It shouldn't be any surprise that Chavez has done what he did. Venezuela is sitting on massive oil wealth and has been for most of the twentieth century, and literally none of it was going to the Venezuelan people. Chavez did not take power in a coup, and in fact was able to avoid being removed in a coup that was clearly recognized and applauded (if not instigated) by the Bush administration. The New York Times has an interesting article on the upcoming election which will revise the Venezuelan Constitution and create what one commenter calls a "centralized Oil-based socialist state."
In two weeks, Venezuela seems likely to start an extraordinary experiment in centralized, oil-fueled socialism. By law, the workday would be cut to six hours. Street vendors, homemakers and maids would have state-mandated pensions. And President Hugo Chávez would have significantly enhanced powers and be eligible for re-election for the rest of his life.Venezuela faces the same problem of any nation whose national income is primary from the sale of oil and which has no real middle class. This usually leads to an authoritarian government which represses the poor, while the wealthy live far beyond the possibilities any of the poor ever have a chance to achieve. This has frequently been the pattern in oil-rich nations, and in both Libya (1967) and Iran (1979) it led to a revolution which replaced the old and corrupt government with a revolutionary one. It is also the reason why the Muslim Brotherhood is so powerful in Egypt and why the Mubarak does not allow real elections while running an authoritarian nation. Much of the trouble in Nigeria can be traced to this pattern. The power that resides in control of the flow of income from oil allowed Saddam Hussein to keep the various sects and tribes in Iraq from successfully revolting, until George Bush removed him and left the whole kettle to explode.
A sweeping revision of the Constitution, expected to be approved by referendum on Dec. 2, is both bolstering Mr. Chávez’s popularity here among people who would benefit and stirring contempt from economists who declare it demagogy. Signaling new instability here, dissent is also emerging among his former lieutenants, one of whom says the president is carrying out a populist coup.
“There is a perverse subversion of our existing Constitution under way,” said Gen. Raúl Isaías Baduel, a retired defense minister and former confidant of Mr. Chávez who broke with him in a stunning defection this month to the political opposition. “This is not a reform,” General Baduel said in an interview here this week. “I categorize it as a coup d’état.”
Chávez loyalists already control the National Assembly, the Supreme Court, almost every state government, the entire federal bureaucracy and newly nationalized companies in the telephone, electricity and oil industries. Soon they could control even more.
But this is an upheaval that would be carried out with the approval of the voters. While opinion polls in Venezuela are often tainted by partisanship, they suggest that the referendum could be Mr. Chávez’s closest electoral test since his presidency began in 1999, but one he may well win.

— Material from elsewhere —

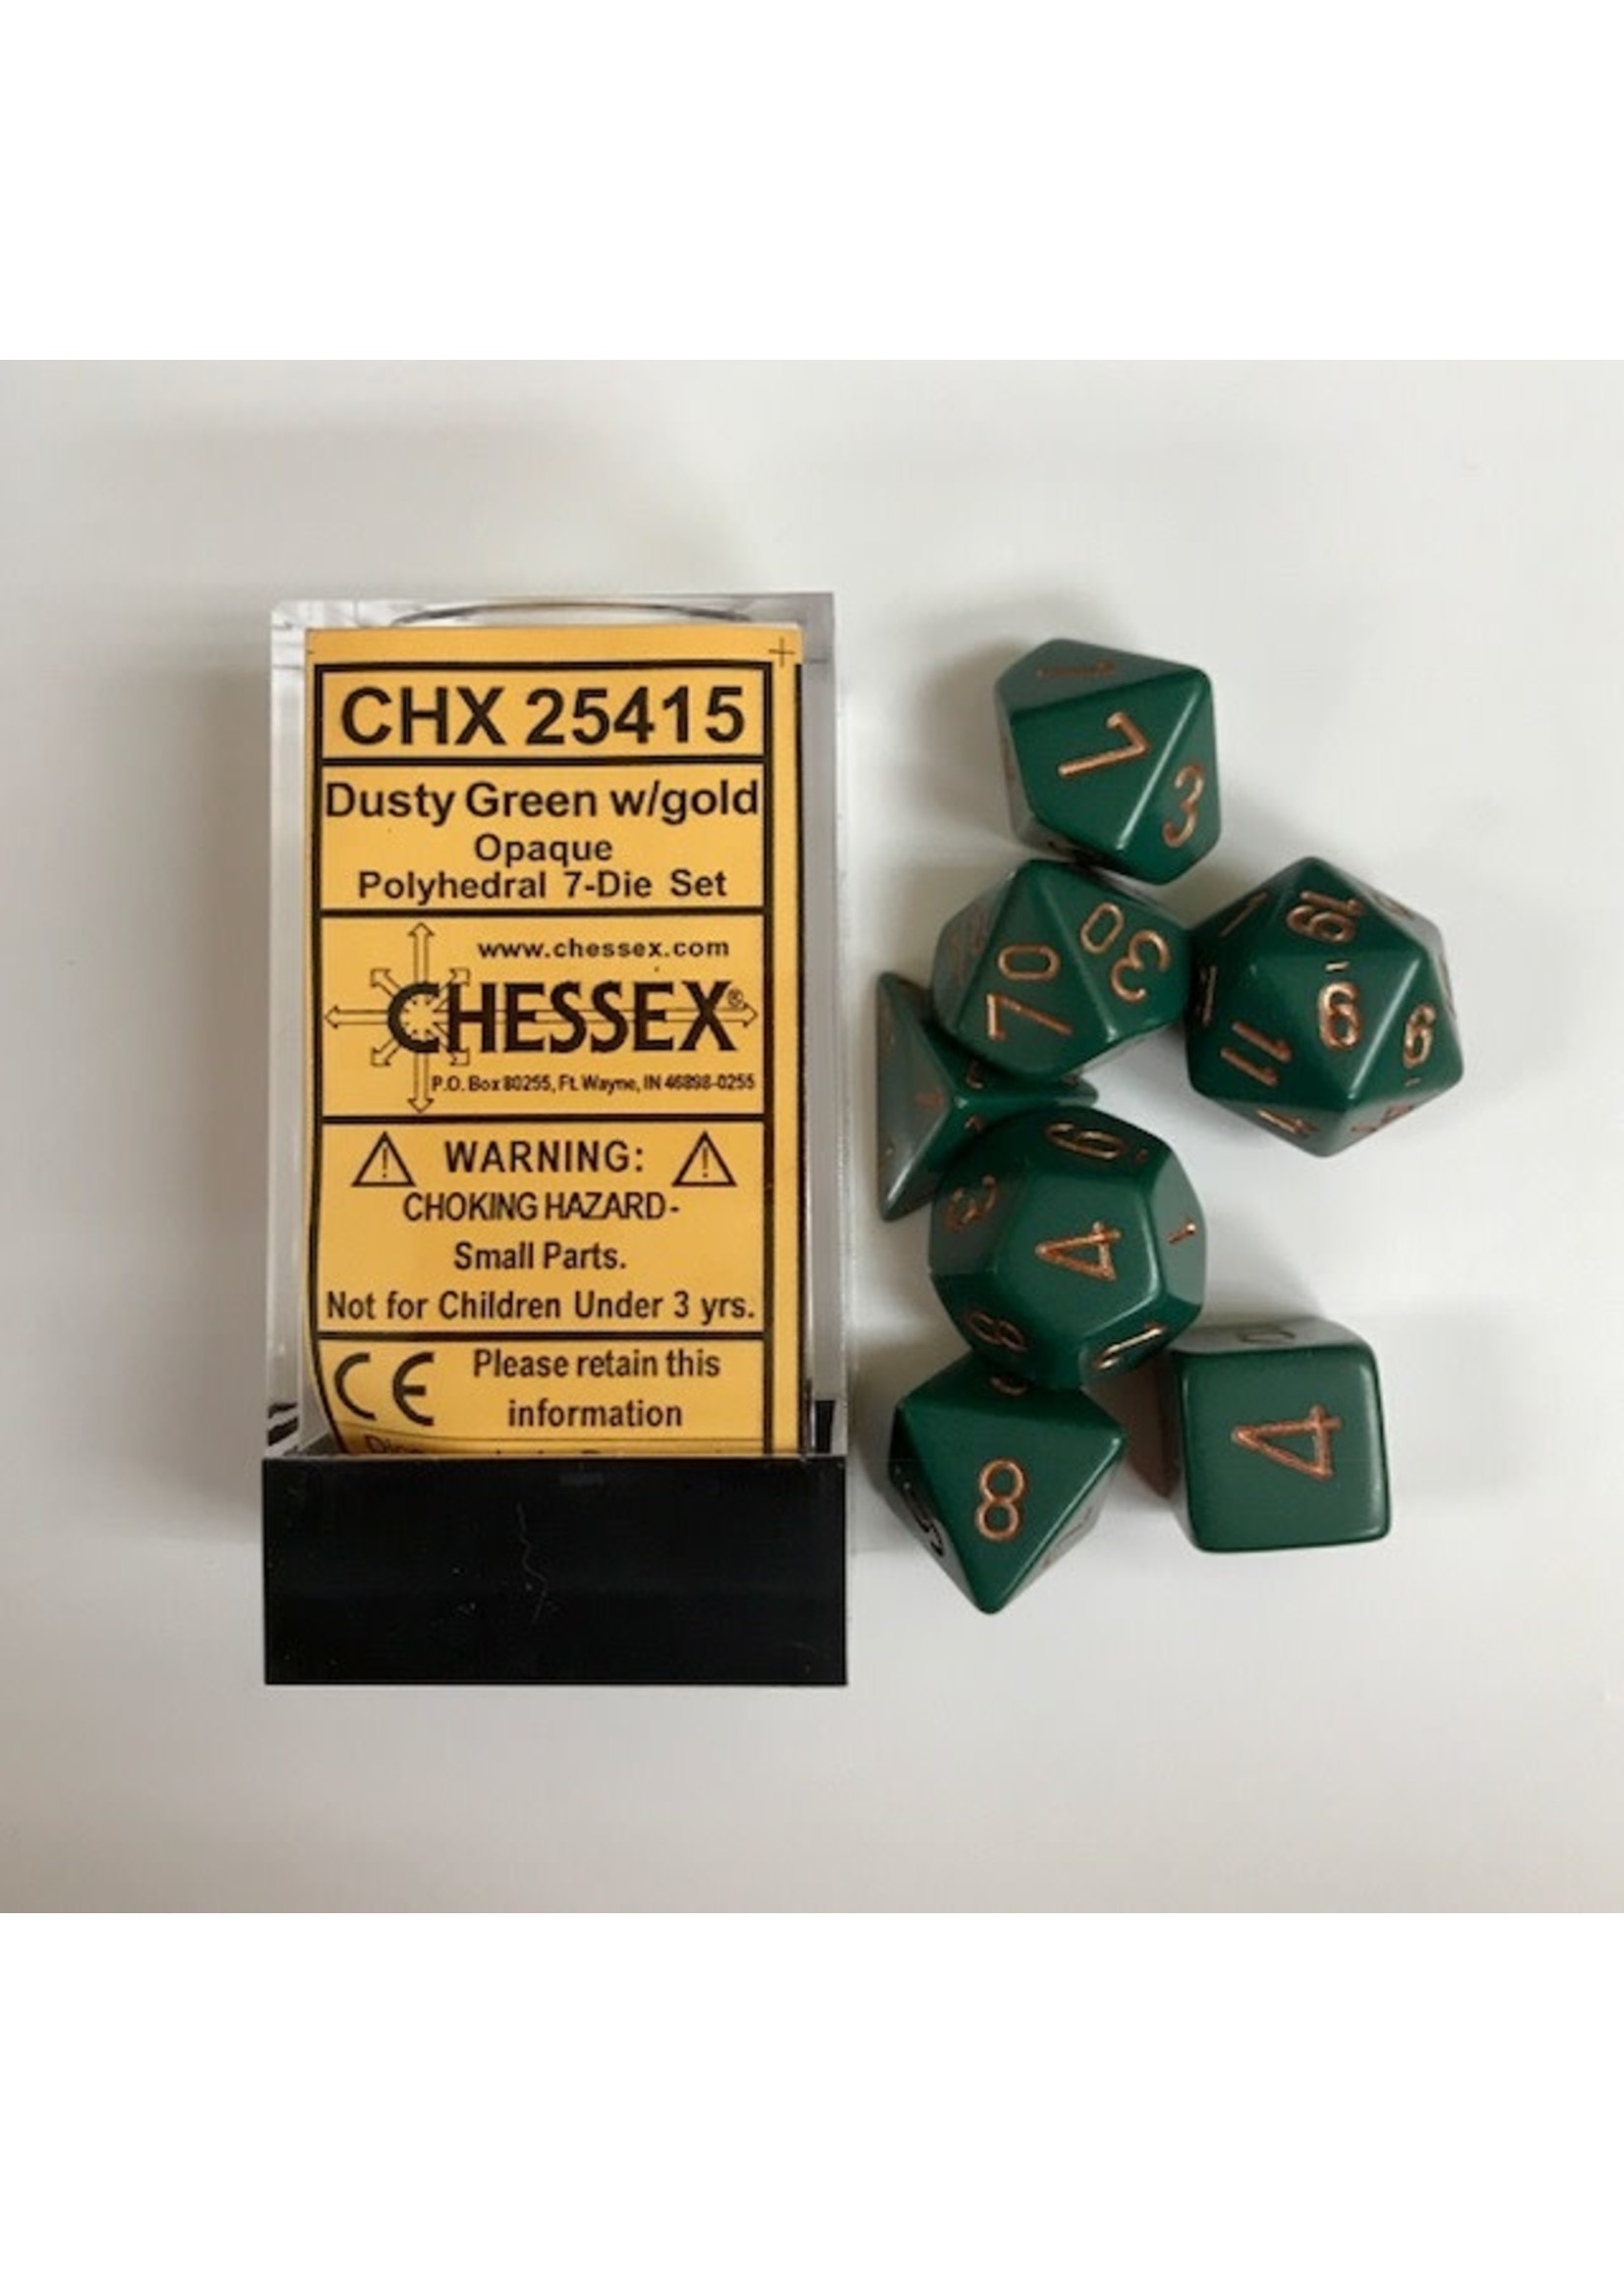 Chessex Opaque Poly 7 set: Dusty Green w/ Gold

“We are witnessing a seizure and redirection of power through legitimate means,” said Alberto Barrera Tyszka, co-author of a best-selling biography of Mr. Chávez. “This is not a dictatorship but something more complex: the tyranny of popularity.”
When the export is oil, only a very few individuals control how the income from that oil is distributed. There is no middle class unless the government takes action to create one. Without a middle class, power remains centralized and the normal course of action is to repress the poor while catering to the wealthy.
Chavez seems to be moving to make Venezuela different. By nationalizing the oil production he has obtained control of Venezuela's international wealth, and has been taking action to distribute it to the average Venezuelan citizen. He has avoided a nasty revolt like those in Iran and Libya. He also needs to avoid central planning of the economy except for oil production and perhaps banking. Everything else normally works a lot better using market prices as signals, and neither of those industries is actually controlled by any market except the international price of oil and the government control of the money supply.
The accusation that he is centralizing power probably means that he is taking it away from the wealthy. If he can create a middle class, then new power centers will appear. Note that while his revision of the Constitution allows him to run for President indefinitely, it does not make him President-for-Life as so many men with his control of an oil rich nation have done.
I can see why the wealthy Venezuelans and both George Bush and Dick Cheney detest Chavez. He is what they hate and fear - a socialist who really is working to improve the status of his people in a manner that unrestricted exploitation of Venezuela's oil wealth has not done in nearly a century.
As I say, it is an interesting experiment. The two biggest mistakes I see likely are for the government to become overly repressive if there are too many coup attempts and attacks on the government, and for the attempt to create a middle class to fail. As long as Chavez avoids both of those threats, it seems to me that he can continue to be reelected for life, and should be. And if he fails, then he can be elected out.
As I say, this is going to be an interesting experiment.